Concept of operation: Using input tables

Though it might not be evident from examination of these defaults, LOBSTAHS generates databases based on values of parameters defined in simple tables. The values in these tables define the molecular properties of each individual compound or lipid class for which database entries will be created. Database generation is accomplished with the function generateLOBdbase(). Default values for the various inputs can be viewed by loading the default tables into the R workspace (directions below); the default input data are also given in Tables 1 and 2 of Collins et al. 2016.1 Package versions ≥ 1.1.2 contain adduct hierarchy and retention time window data for lipid classes BLL, PDPT, vGSL, sGSL, hGSL, hapGSL, and hapCER, which are described in Fulton et al. 2014 and Hunter et al. 2015.6. By modifying the default values in each table using provided templates, users can generate custom databases that include additional lipid classes. Customization directions are provided in the following section.

Users can load the default versions of the four input tables into the R workspace (and subsequently view them) at any time:

data(default.acylRanges)
data(default.oxyRanges)
data(default.componentCompTable)
data(default.adductHierarchies)

Introduction to the four input tables

Custom databases can be created in LOBSTAHS by modifying or adding to the default values in the four tables. We can generate custom databases in three steps:

  • Modify the values in one or more of the tables
    • Tables containing the default values are provided with the standard package installation in both Microsoft Excel and .csv format. These are automatically installed into the /LOBSTAHS/doc/ subdirectory of your R library path and can be used as templates for production of custom inputs. (You can use .libPaths() to find the location of your R library.) Alternatively, templates for the tables used to generate databases in the latest release of LOBSTAHS can downloaded from the package GitHub repository.
  • Export the new, custom tables as .csv files (if the .xlsx files were used as a starting point), and
  • Load the tables when calling the function generateLOBdbase(), which will then uses the value to generate the LOBSTAHS databases

Each of the four tables is introduced below, followed by instructions for adding new lipids and lipid classes to the LOBSTAHS databases.

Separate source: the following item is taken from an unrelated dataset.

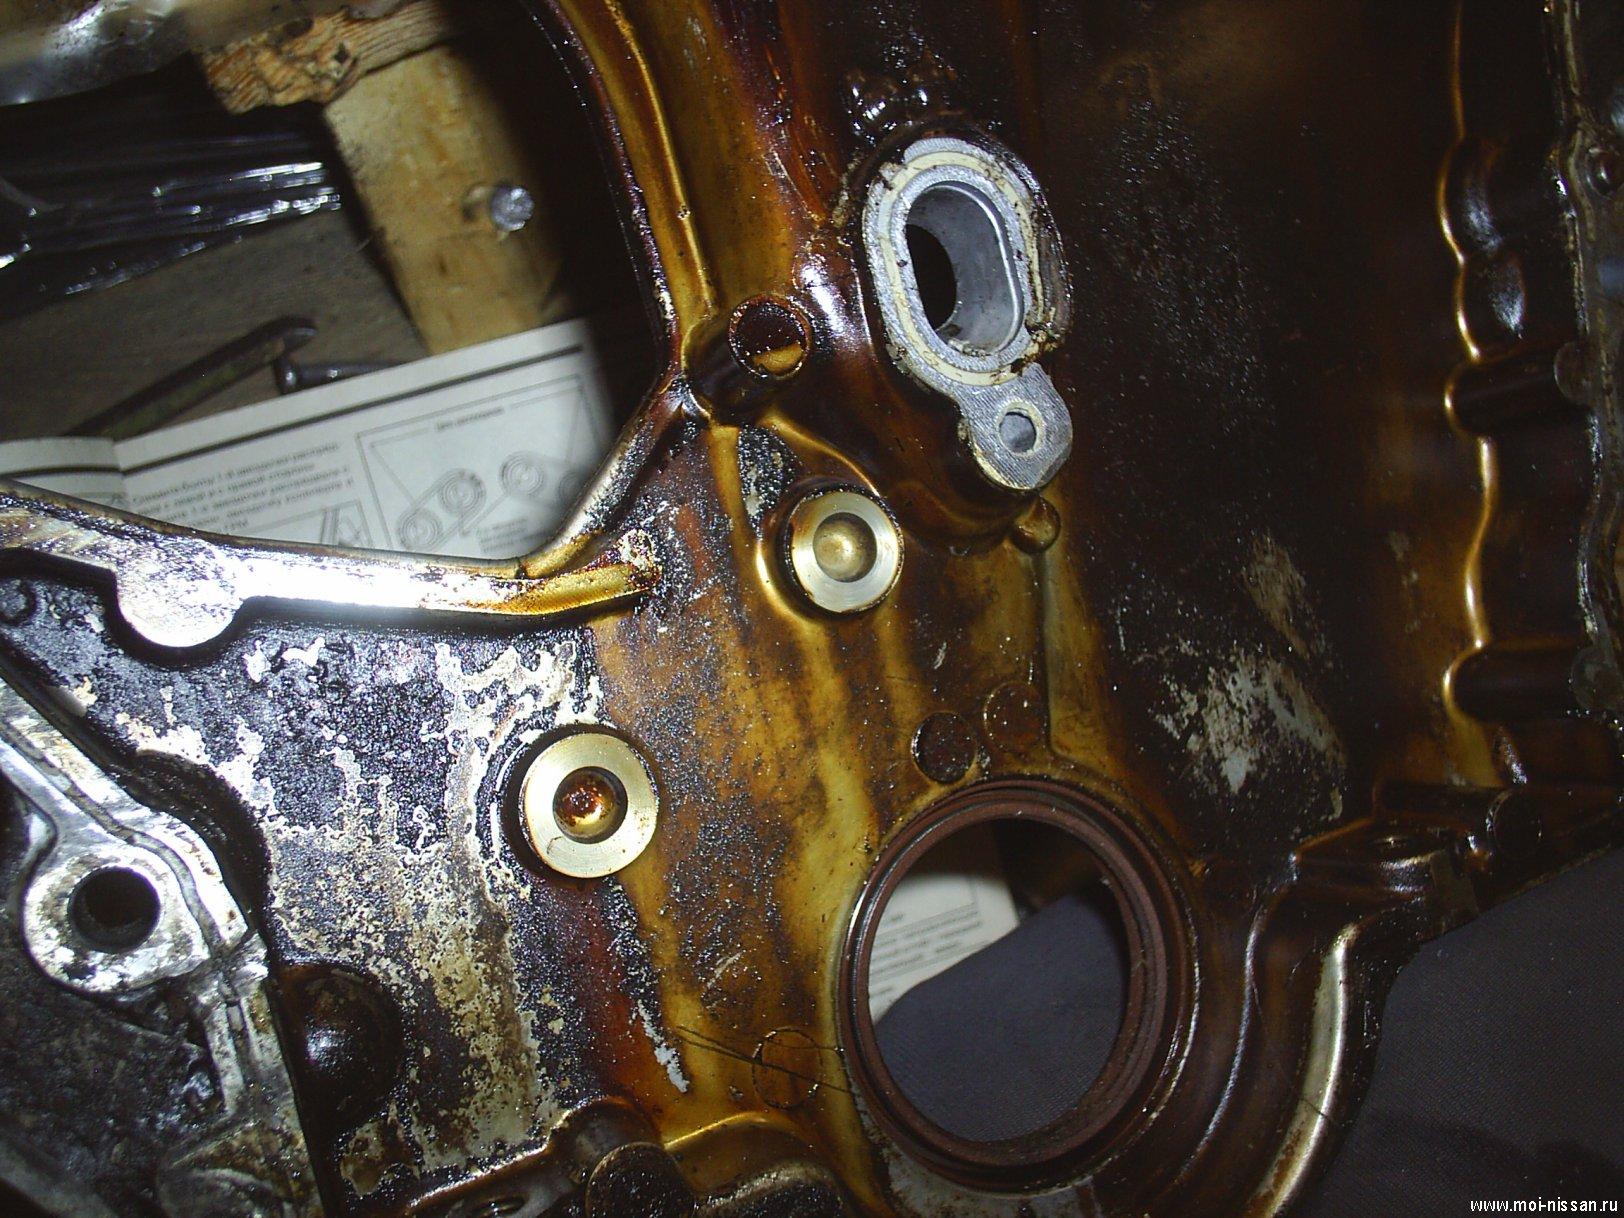 регулятор давления тормоза мазда626 1985г в схемах
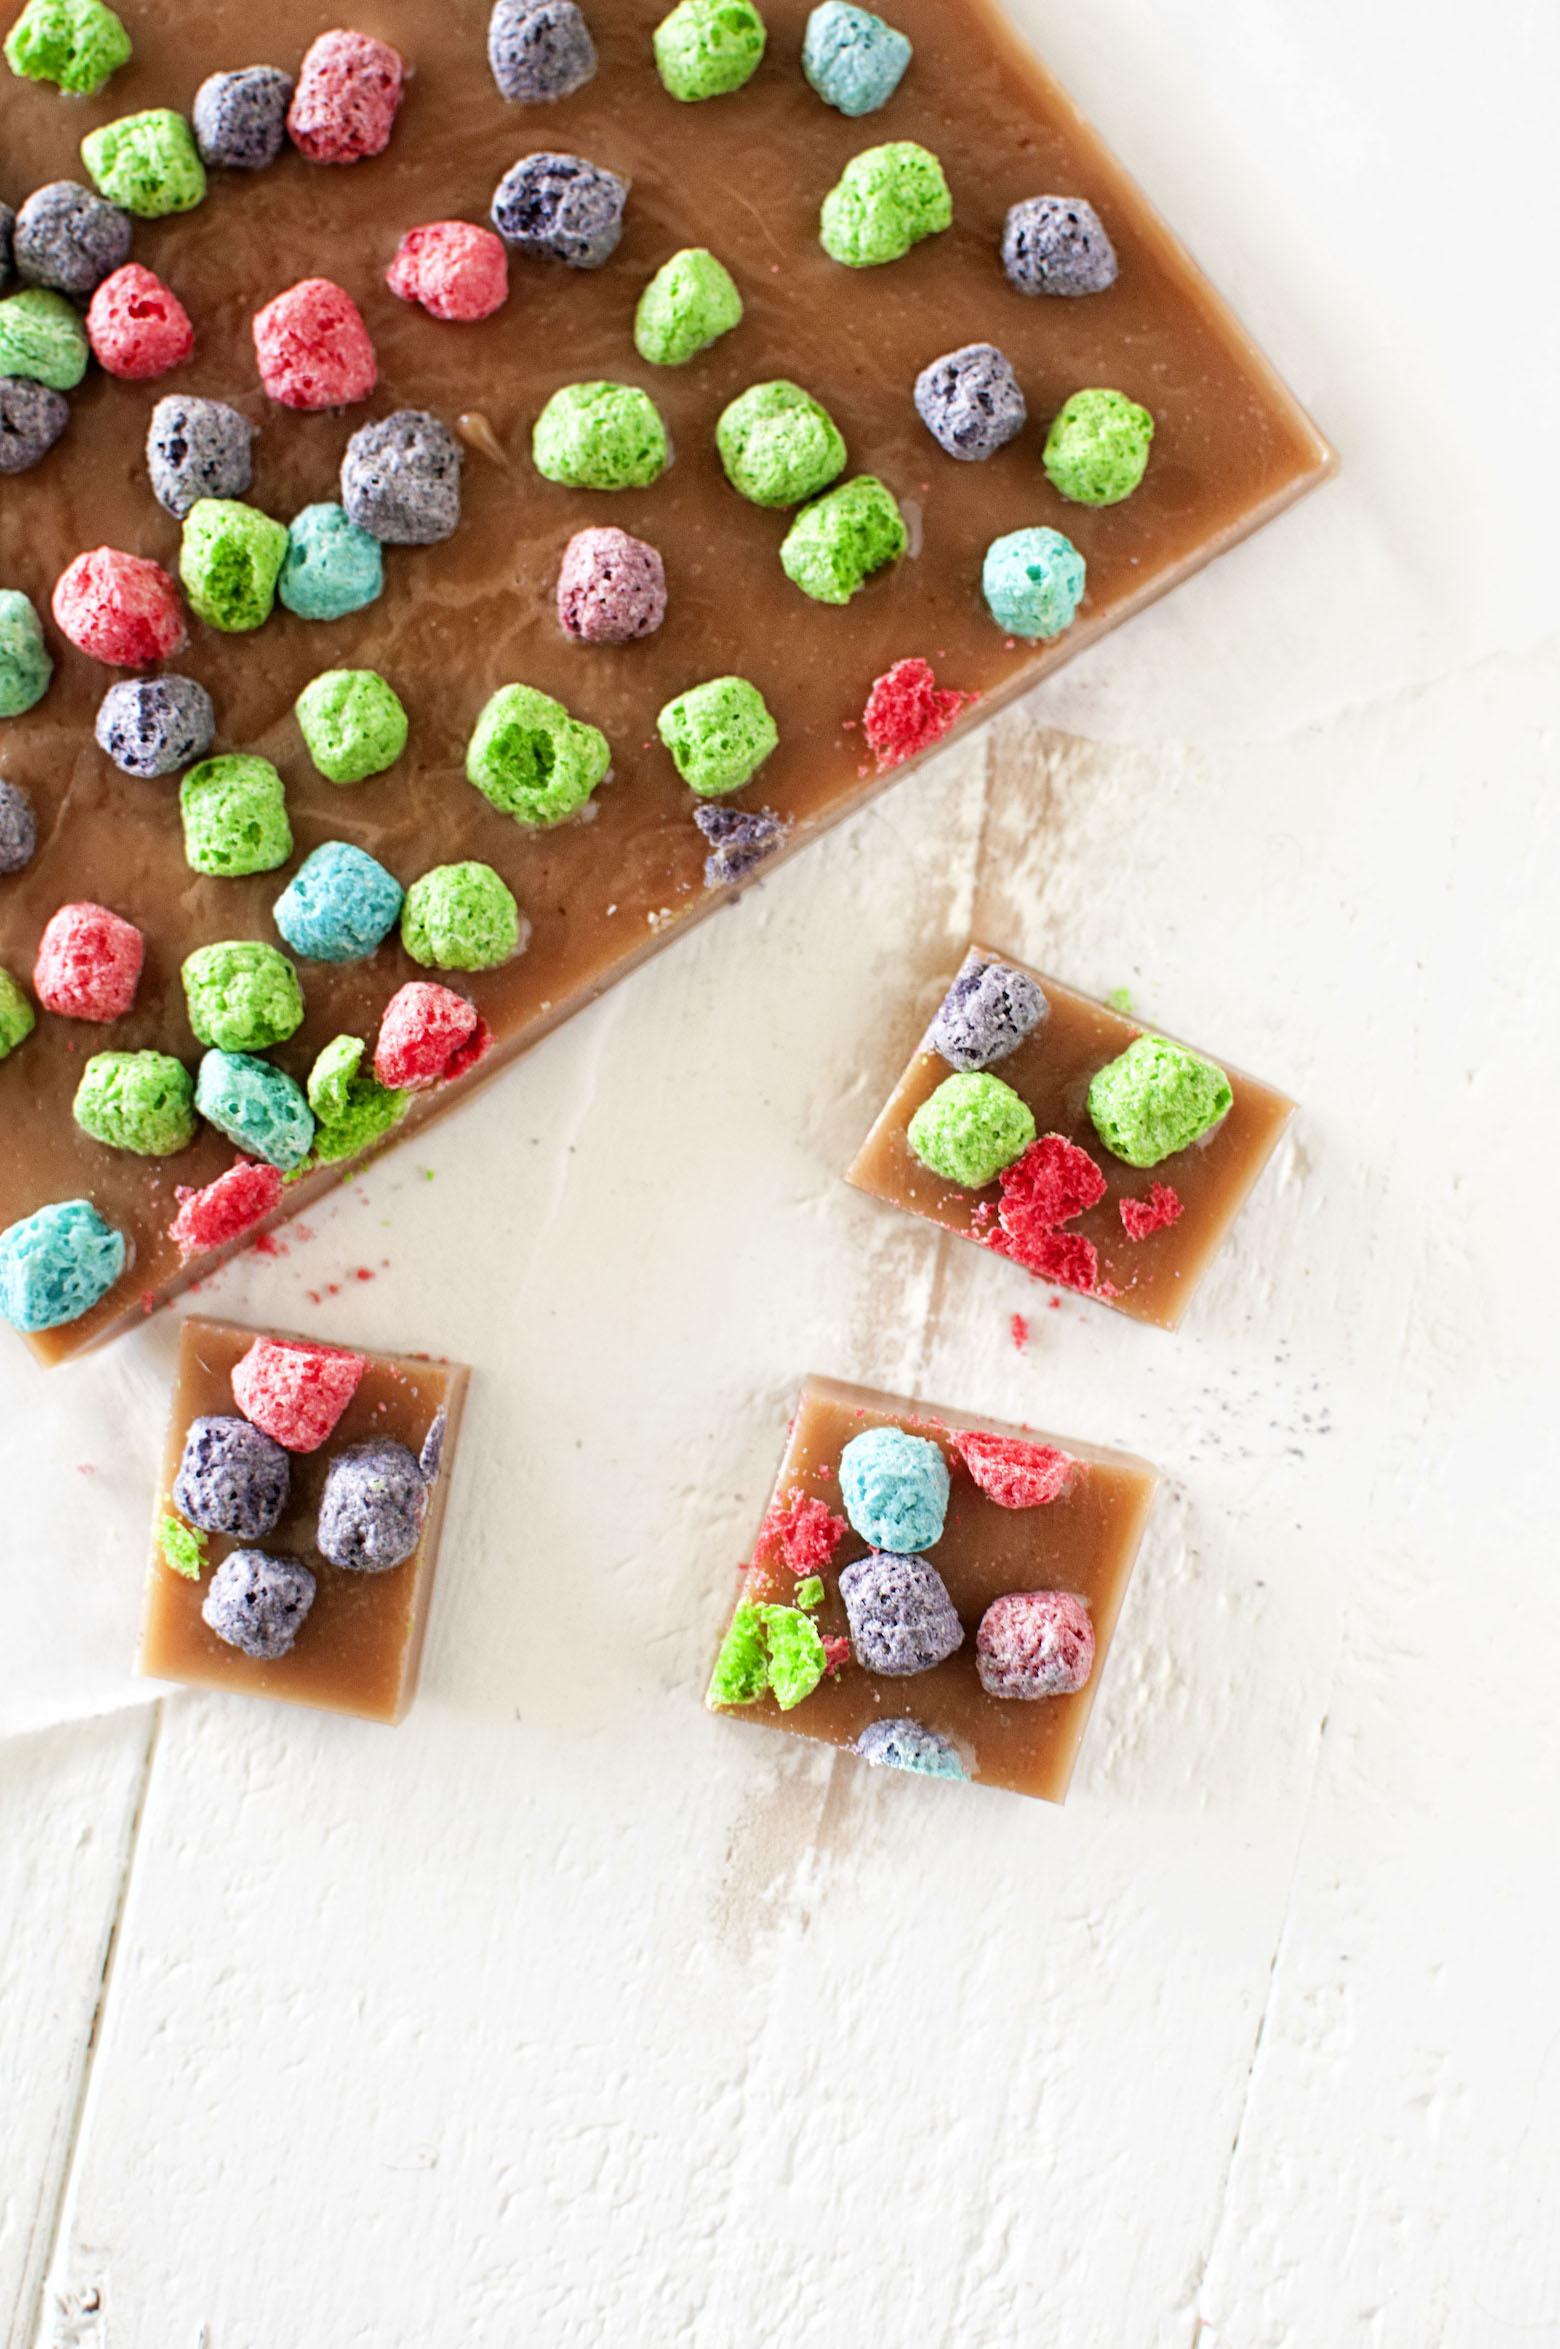 Overhead shot of Crunch Berry Caramels

We’ve also created a flow chart to help you navigate the database customization process; the flow chart is designed to complement — not replace — the detailed instructions below. Download a copy of the flow chart: as .pdf | as .svg

The componentCompTable

The first, most important table is the componentCompTable, which defines the base elemental compositions of each molecule or lipid class to be considered when databases are created. If we wish to add additional molecules or classes of molecules to the default set of compounds in the database, we’ll first need to add an additional entry or entries to this table.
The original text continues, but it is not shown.